# Water.....do you drink it???



## GFR (Oct 4, 2005)

How much of your fluids come from water every day???


It amazes me how many people never drink water   they consume gallons of soda pop, coffee, beer, sugar water drinks like koolaid....but almost never a glass of only water.....*WTF*


----------



## myCATpowerlifts (Oct 4, 2005)

I know a guy who NEVER drinks water.  It sickens me to the bone.
I feel like he is dying.  He drinks shit loads of soda and juice type things. but I've never seen him drink water.

He says he only drinks it about once a month after a really hard athletic period....


----------



## Myztek (Oct 4, 2005)

I stopped drinking soda (carbonated or caffeinated drinks) 2 years and 1 month ago. Now I only drink water, all day. I'll have an occasional Gatorade, or small glass of milk, but other than that; all water.


----------



## Vieope (Oct 4, 2005)

_100%, every fluid you or anyone drink is water. _


----------



## GFR (Oct 4, 2005)

Vieope said:
			
		

> _100%, every fluid you or anyone drink is water. _


----------



## Vieope (Oct 4, 2005)

ForemanRules said:
			
		

>


----------



## Vieope (Oct 4, 2005)

_What the hell is this? _


----------



## Psch91 (Oct 4, 2005)

I drink water about 80% of the time. I stopped drinking soda about 2 years ago, but ill have the occasional sip for the taste, not a whole soda by myself. I do drink diet snapple quite regularly, because it has no calories/sugar/etc, and tastes very good.

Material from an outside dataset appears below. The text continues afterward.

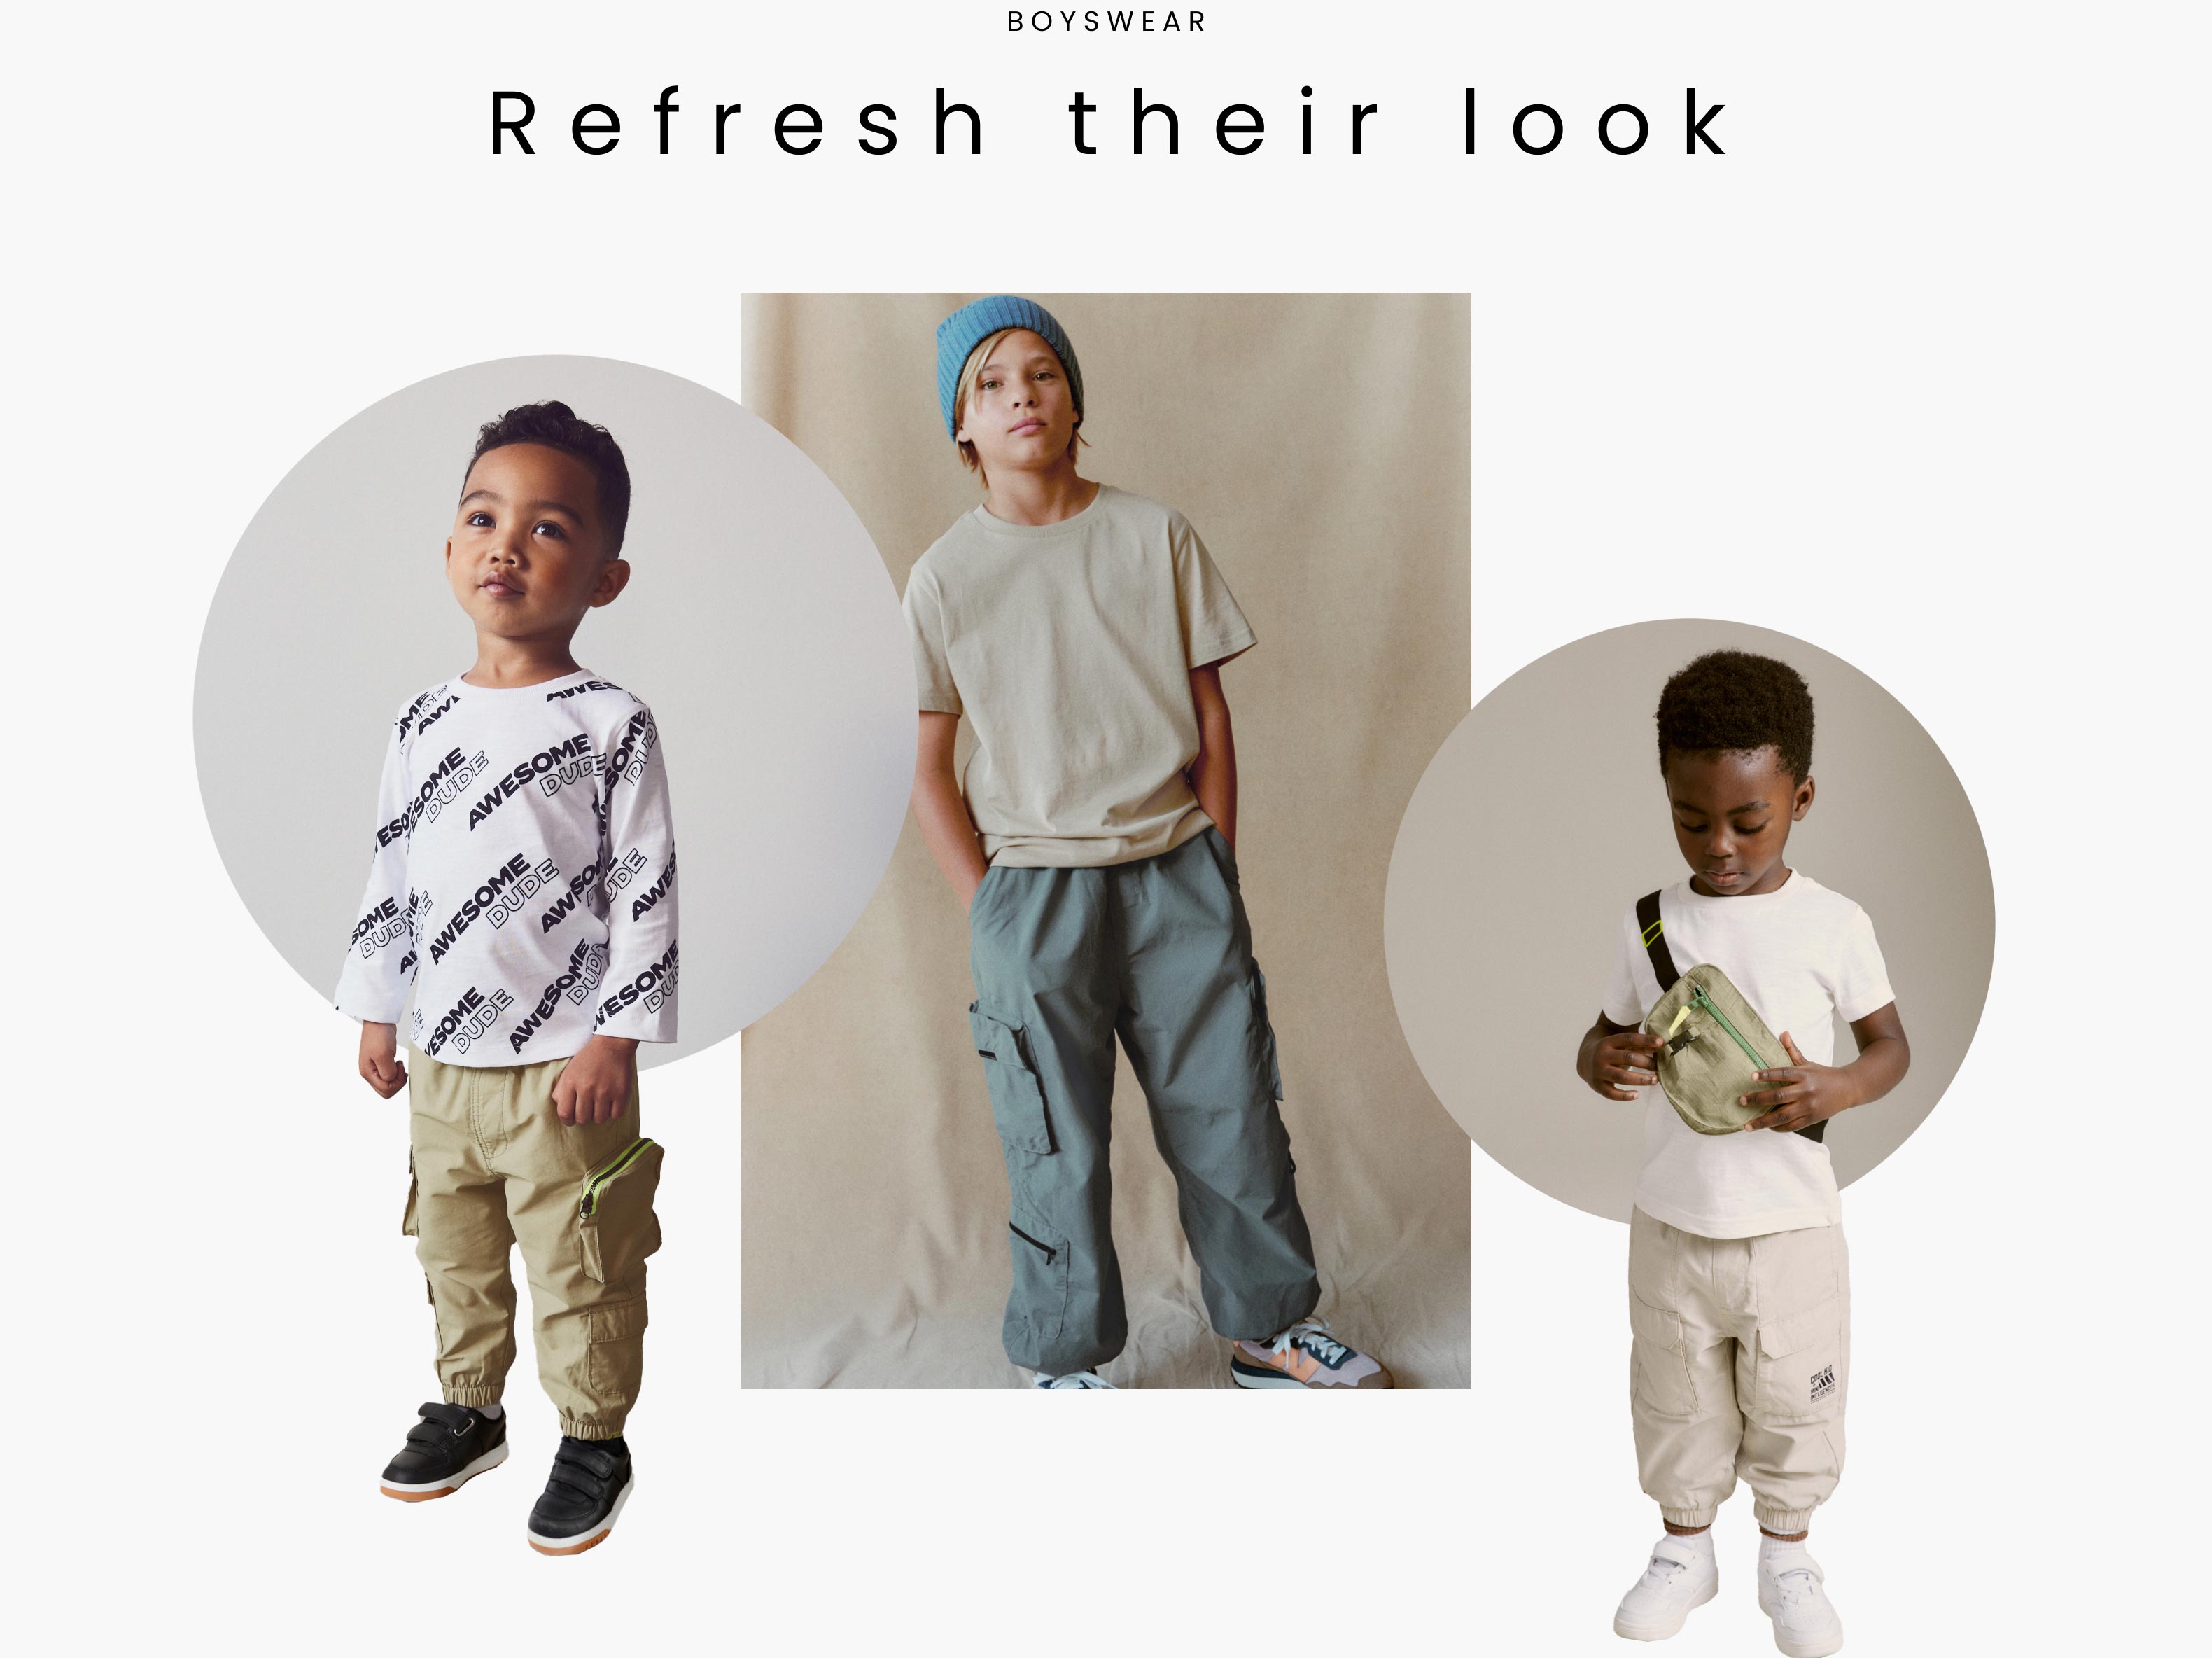 Boyswear - Refresh their look

But I also drink a lot of milk. I drink a lot of water each day however.


----------



## MyK (Oct 4, 2005)

water
vodka
beer

thats about it for me


----------



## soxmuscle (Oct 4, 2005)

besides a little grape juice with my CEE, 2 cups of milk at lunch, and a cup and a half with my morning shake all i drink is water.


----------



## Big Smoothy (Oct 4, 2005)

Atleast 3 liters of water per day.  Never sodas.  Greent Tea a couple times of day.


----------



## Psch91 (Oct 4, 2005)

I just realized something funny with the title (not sure if its at all related)

English..(mofo)...do you speak it!?
~
Water....(mofo)...do you drink it!??


----------



## CowPimp (Oct 4, 2005)

I drink about a gallon of water a day, give or take a little bit depending on various factors.  Besides that I drink a cup of green tea in the morning, milk in my cereal and later with some whey, and a cup of some type of juice mixed with brewer's yeast as a snack.  I also have the occasional beer or a couple of shots.  That's about it.


----------



## Smoo_lord (Oct 4, 2005)

I drink water shitloads.. I have a 1 litre bottle next to the bed when i sleep, so that i always sipping on it if i wake..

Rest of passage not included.